Хорошо помню 22 июня 1941 года — первый день войны. Мне было 11 лет. Ничего необычного в городе не произошло: люди были готовы к войне. Все было обыденно. Мама работала на заводе киноаппаратуры. Работали кинотеатры, я очень любила ходить в кино, так же поступали и мои подружки по школе. Впрочем, так поступали ленинградцы. Наверное, это была тоска по счастливой жизни.
А с 8 сентября в городе все изменилось. В этот день замкнулось кольцо блокады. Я помню, как горели Бадаевские склады. Было страшно смотреть на клубы дыма, на растекающийся по улицам расплавленный сахар. Глупость это или измена, это дело на совести властей. Но с этого дня в городе начались проблемы: отключили электричество, следом водопровод, престали ходить трамваи. В тот момент началось самое страшное — уничтожение населения одного из лучших городов мира — Ленинграда. И любая бомба, любой снаряд гитлеровской артиллерии мог убить. В голове у меня иногда крутилось: «Зачем фашистские летчики бомбят нас, детей?»
Мама и бабушка хотели отправить меня, как тогда говорили, на «Большую землю» из осажденного Ленинграда. Случилось так, что я не поехала, а судно, где мне было предоставлено место, было уничтожено гитлеровской авиацией.
Я осталась в городе. В нашей квартире мама поставила «буржуйку». На заводе, где работала мама, было подсобное хозяйство. Когда немецкие войска подходили к Ленинграду, было приняло решение — скот уничтожить, а мясо раздать рабочим. И это спасло нашу семью.
В эти дни смерть стала обыденным явлением. Мое детское восприятие было особенным: иногда по дороге мне попадалось несколько трупов умерших от голода людей. Такова была жизнь. В той жизни было многое: были подонки, которые умудрялись наживать состояния на беде и горе жителей. Но их было мало. Остальные предпочитали смерть, чем сдачу врагу. Поэтому на всякие вопросы и опросы о том, что лучше бы ленинградцы сдались, чем терпели такие муки, я скажу так: «Ленинградцы сказали свое слово тем, что выстояли и победили».
Начался голод. Я ходила в «хлебную» очередь получать паек. Я приносила его домой, и мы жарили его на нашей печурке. Не знаю как, но мы пекли лепешки из горчицы и кофе. Это был жуткий продукт. Еще долго после войны не могла переносить кофейный запах. Мне приходилось отстаивать долгие утомительные очереди за хлебом, теми 125 граммами, которые были положены иждивенцам. Мама, как работающая, получала 250 грамм. Хлеб я приносила домой, и вечером мы все вместе садились к железной печке и жарили ломтики хлеба. У нас была прекрасная мебель — пришлось все сжечь.

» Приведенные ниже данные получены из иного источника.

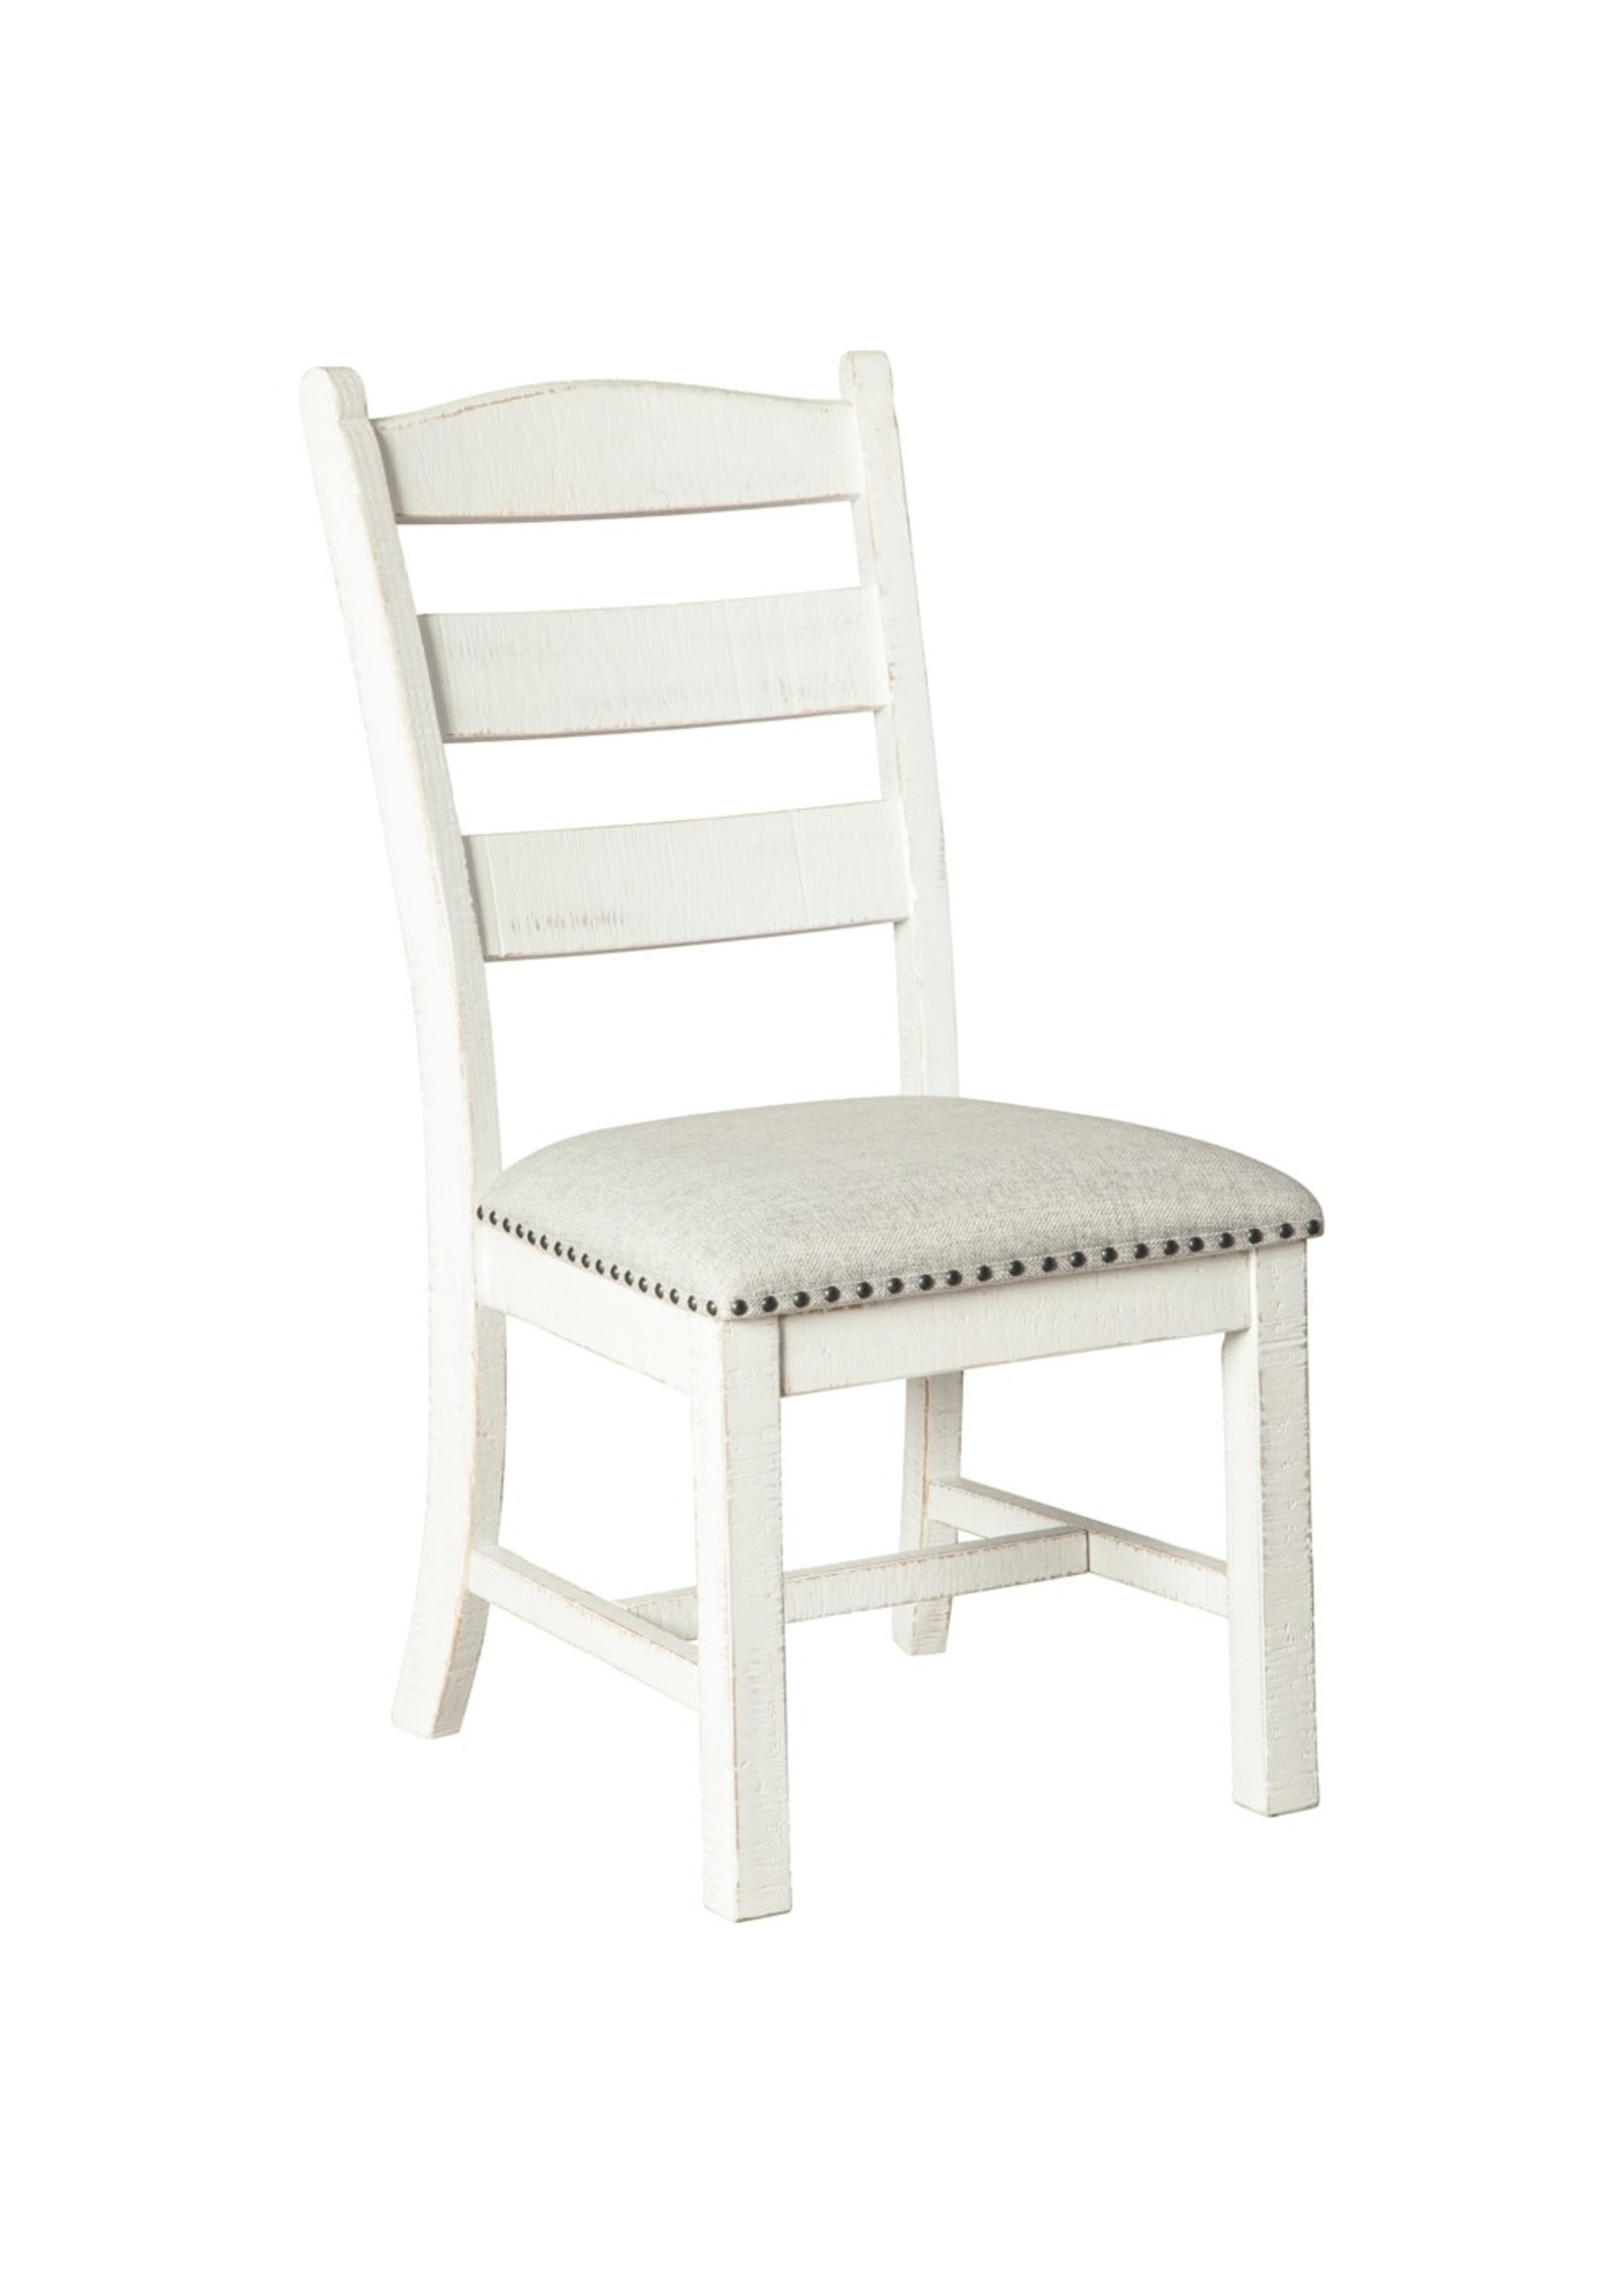 ASHLEY D546-01 DINING CHAIR VALEBECK BEIGE/WHITE

Зима 1941–42 года была самой страшной для жителей осажденного Ленинграда. Тела мертвых жителей можно было увидеть повсюду: в подъездах домов, на улицах. Многие были обезображены, случались факты людоедства. Первыми умирали мужчины. Но страха при виде умерших, я не испытывала. Это была повседневность.

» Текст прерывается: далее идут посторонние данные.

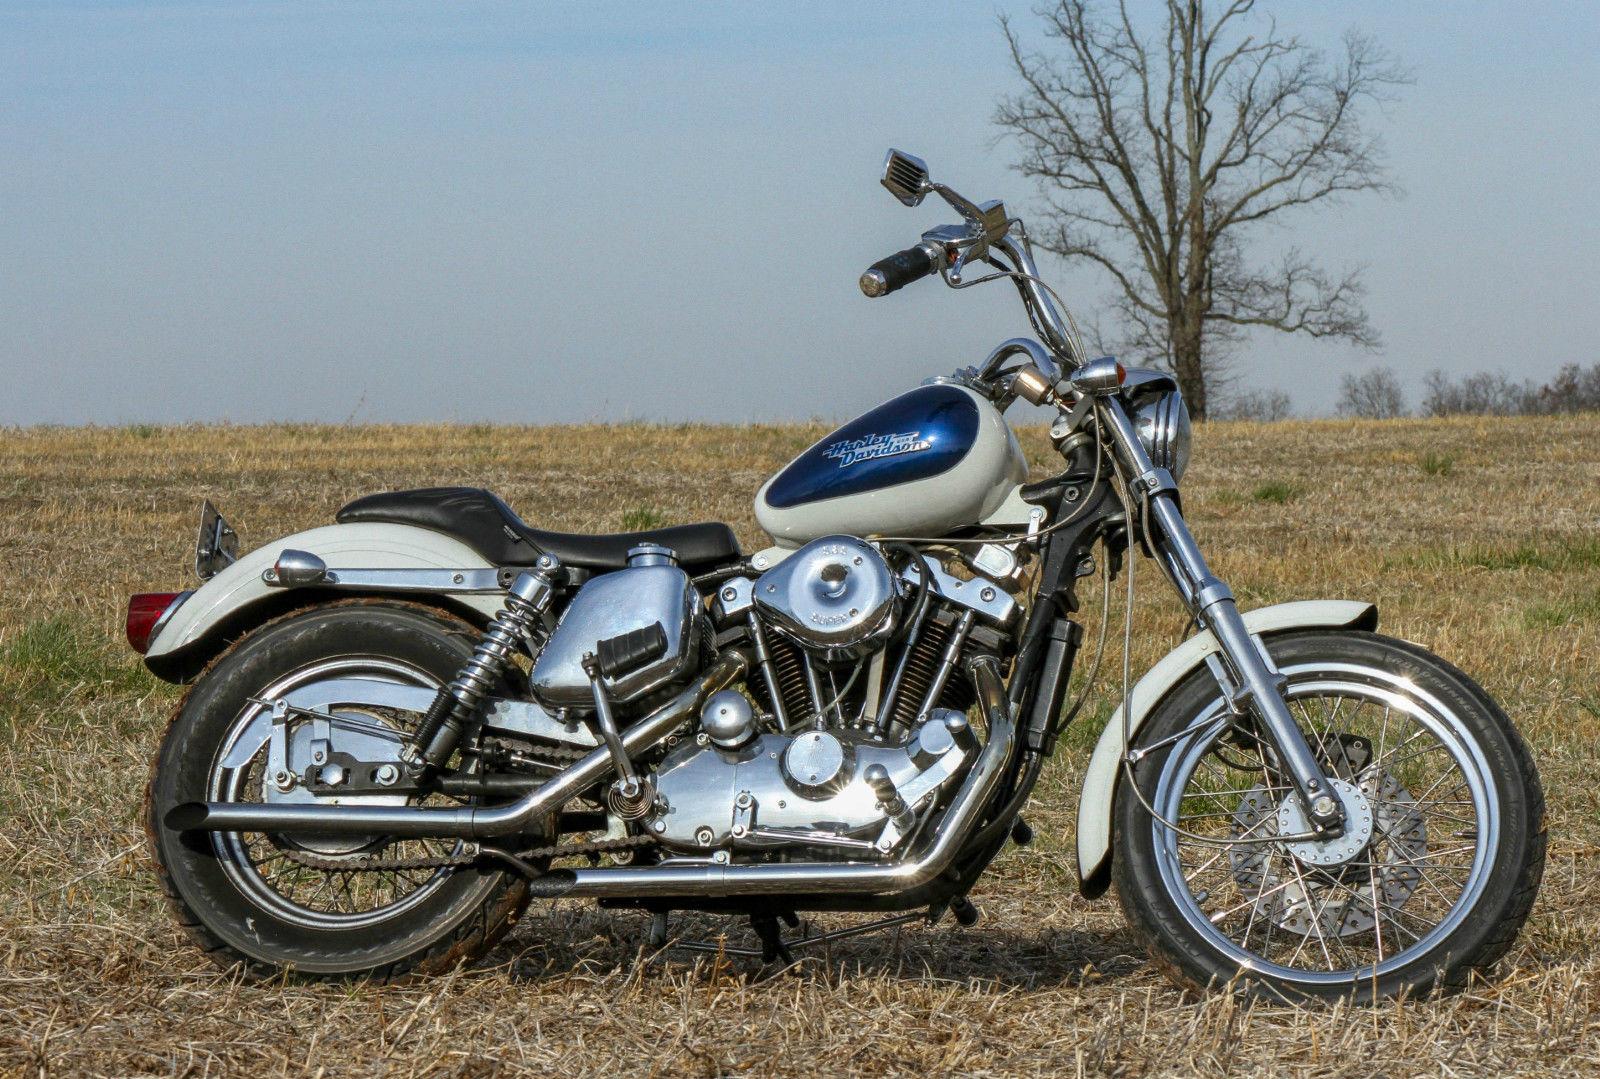 1974 Harley Davidson Xlch Ironhead Sportster

Дом, где располагалась наша квартира, стоял напротив штаба армии. Его часто бомбили, но нам повезло. Дом уцелел. Другие дома после бомбежки «зажигалками» горели много дней — их никто не тушил. Теперь на месте разрушенных домов разбиты скверы. Это правильно.
15 марта 1942 года я, мама и бабушка эвакуировались из осажденного города через Ладогу по дороге жизнь. Уже стояла весна, лед под лучами солнца таял. На наших глазах под лед ушла машина с людьми. Это было жуткое зрелище. Но придти на помощь несчастным мы не могли — не было сил.

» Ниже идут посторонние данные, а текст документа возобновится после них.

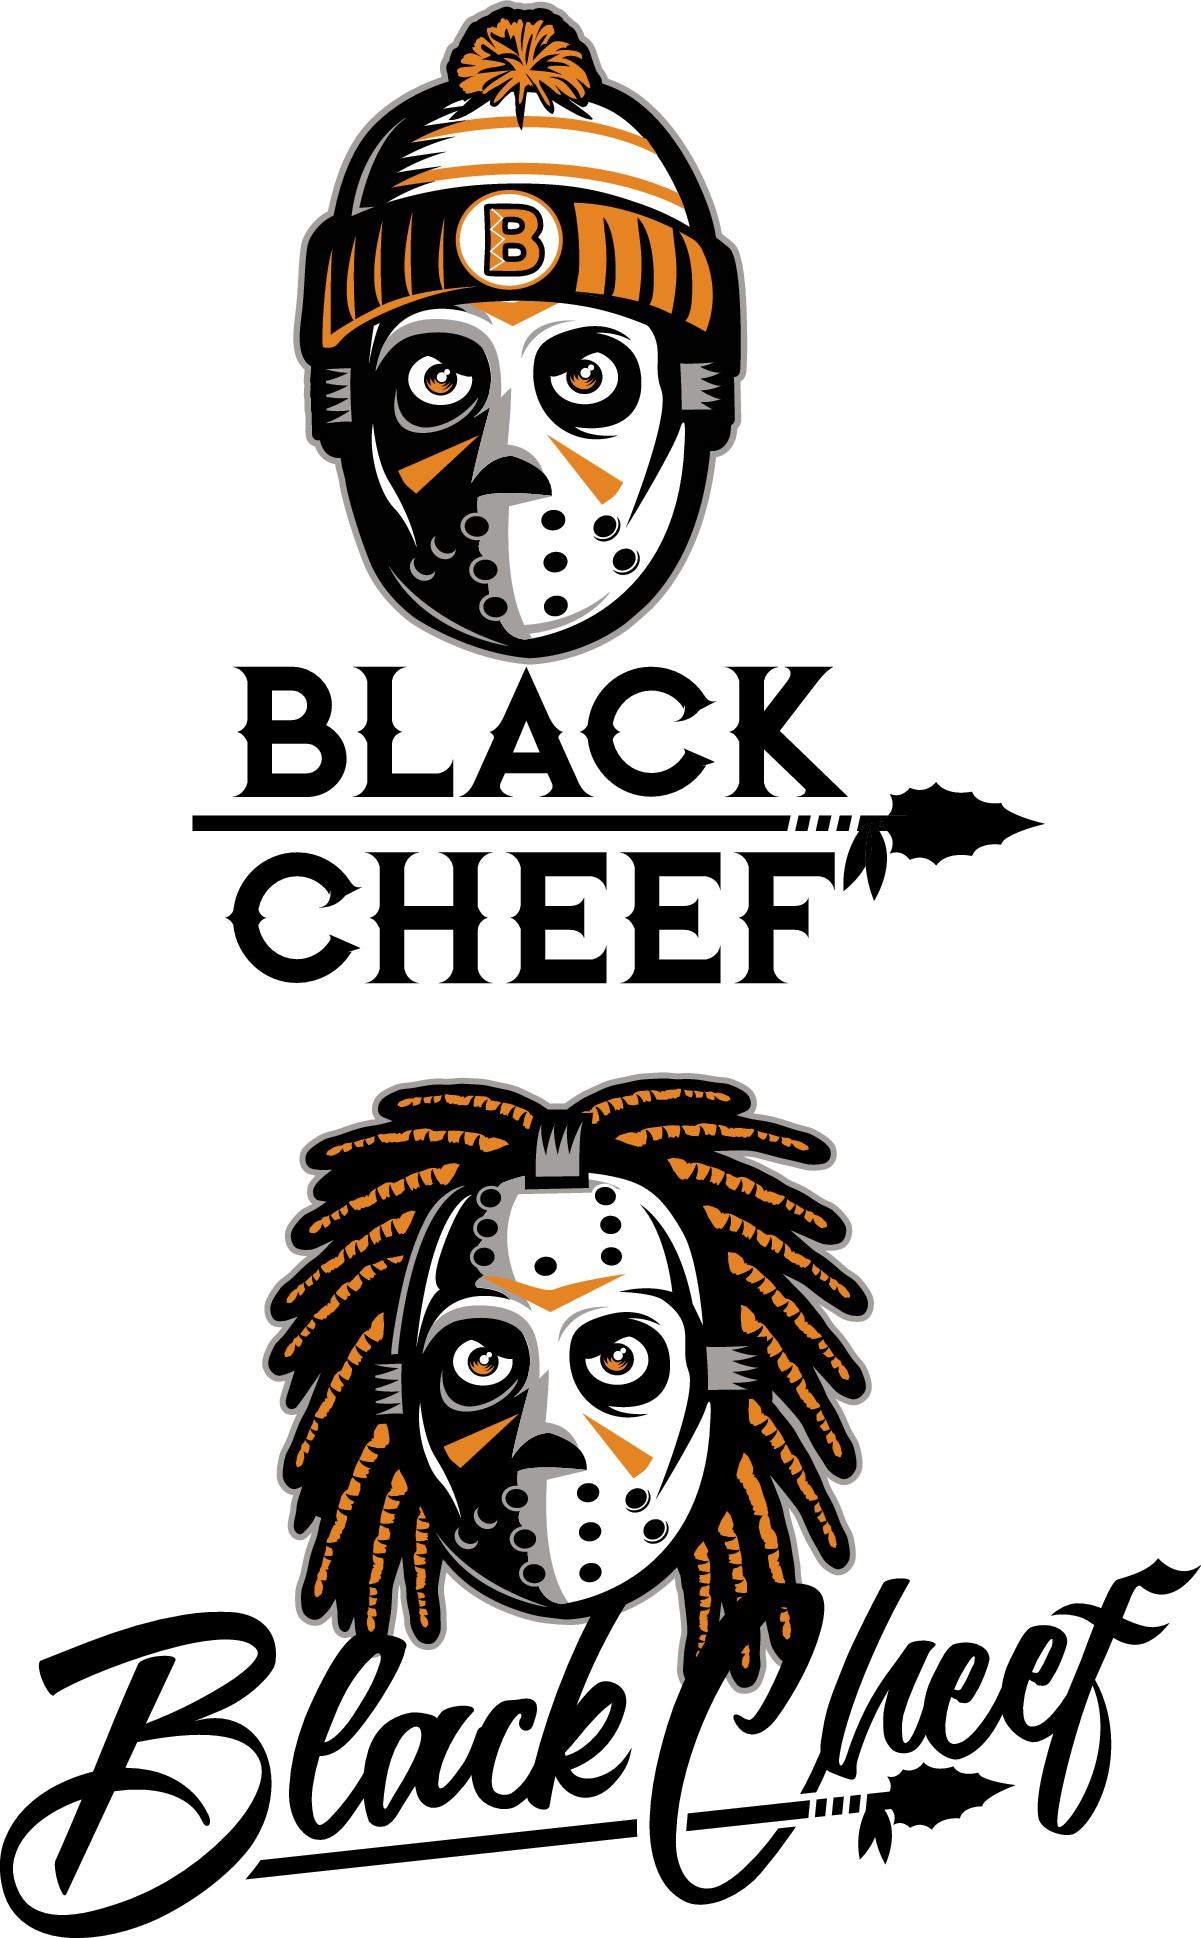 BLACK CHEEF

Нас определили на место жительства в Казахстан. Когда ехали в железнодорожных теплушках, в городе Александров у меня на руках умерла бабушка. Нам удалось похоронить ее в отдельной могиле. Немало там и братских могил. Была еще одна беда — голодные люди не могли сдержать себя, когда их начинали кормить на станциях. Было немало и от этого смертей.
Встретили нас хорошо. Нам выделили жилплощадь, мы смогли прийти в себя. А в 1947 году я смогла вернуться в родной Ленинград. Подъезжая к городу, увидела срубленные снарядами верхушки деревьев.
Мамина родственница проживала в Москве. Она предложила нам с мамой не возвращаться в Ленинград, чтобы не бередить сердце и душу печальными воспоминаниями. И мы согласились. Так я оказалась в городе Раменское. С ним и связала свою судьбу.
Я счастлива. У меня вырос прекрасный сын. У меня три внука и три правнука.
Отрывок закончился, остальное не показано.